Resilient design relies on three key factors: hazard mitigation, passive survivability, and adaptation. Combined, these factors can help buildings, and thus communities, become more resilient against the impacts of natural and man-made disasters. Buildings and communities designed with resilient practices and materials can also be protected against the financial costs of damage, and thus play a role in benefitting the local and broader economy as well.

The Federal Emergency Management Agency (FEMA) defines hazard mitigation as “any action taken to reduce or eliminate long-term risks to people and property from natural disasters.”8 By extension, hazard-mitigation planning is “a process used by state, tribal, and local governments to identify risks and vulnerabilities associated with natural disasters and develop mitigation strategies to reduce or eliminate long-term risks.”9 Mitigation planning measures tend to stem from previous disasters and the lessons learned—and in terms of the built environment, those lessons are incorporated into newer versions of building codes. New lessons are being learned every time a new disaster happens, and mitigation strategies continue to improve.
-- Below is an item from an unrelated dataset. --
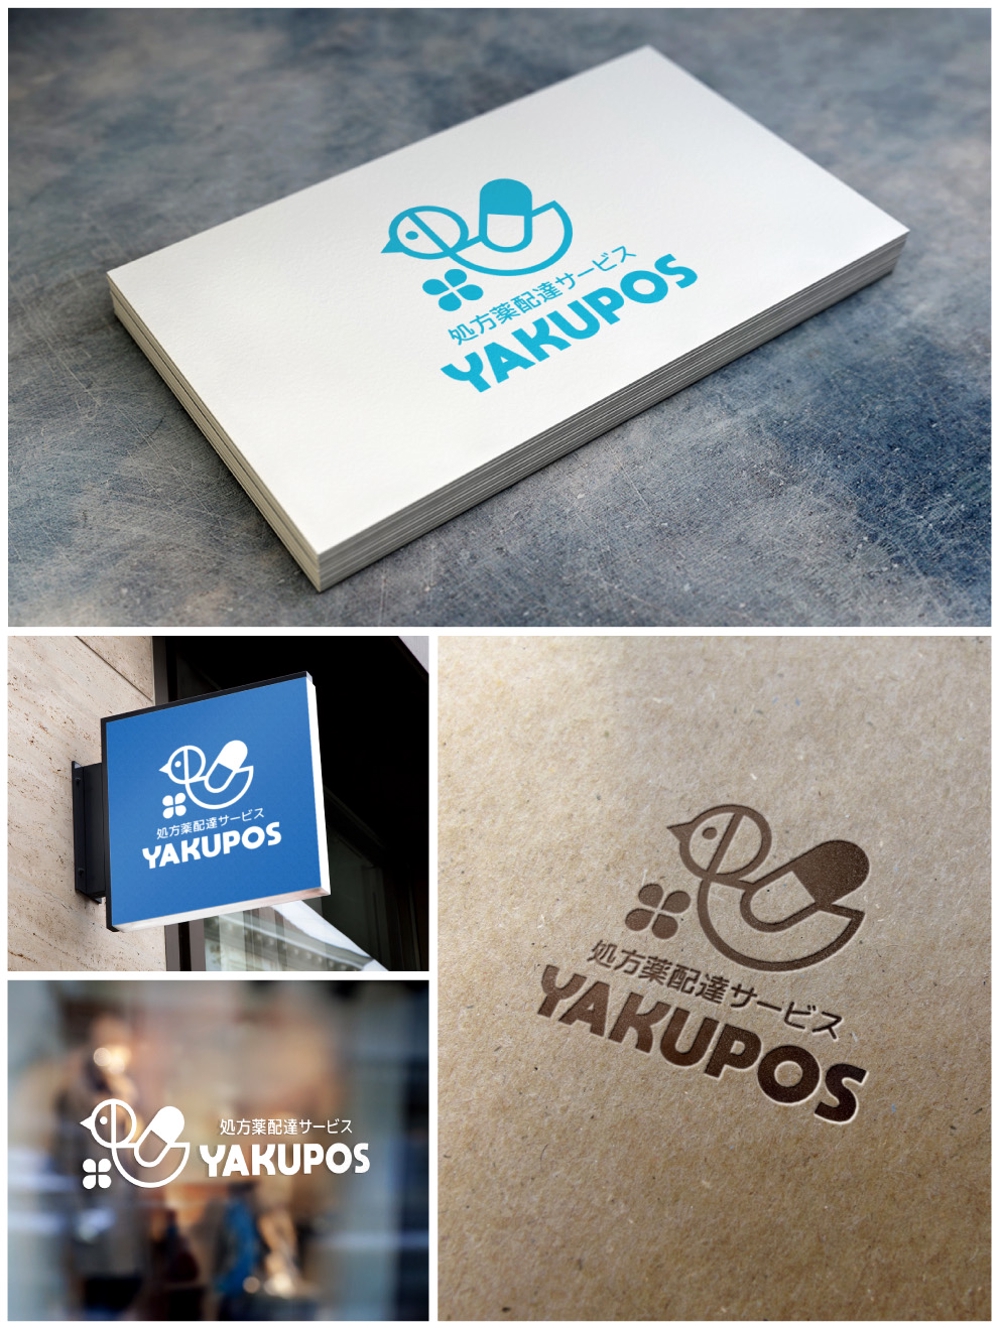 処方薬配達サービス「Yakupos」のロゴ

As a result, new structures often take into account factors such as roofs designed in shapes that have high-wind tolerance, rainwater management from roof run-off, or even slab-on-grade construction that eliminates basements (prone to flooding) in the first place.

As a way of keeping first responders and building professionals up to date, FEMA provides extensive programming and resources that address issues concerning communities as well as individual building strategies, available at www.fema.gov/hazard-mitigation-planning.

Passive survivability refers to a building’s ability to maintain the basic functions critical to keeping occupants safe and comfortable, specifically when power, heating, and/or water are lost for an extended time. Often, schools, hospitals, and civic buildings are designed with more passive survivability features than the average residential house, and as such they are often used as emergency shelters during disasters.

Adaptation in terms of building design considers mitigation over time, and the assumed changes and evolution of both building design and community responses. Buildings can be designed to include adaptive strategies that anticipate impacts of future natural disasters.

Resilient building design benefits cities, communities, and the economy by protecting lives and property, extending the lifespan of buildings, reducing the number and cost of post-disaster repairs, and minimizing building downtime.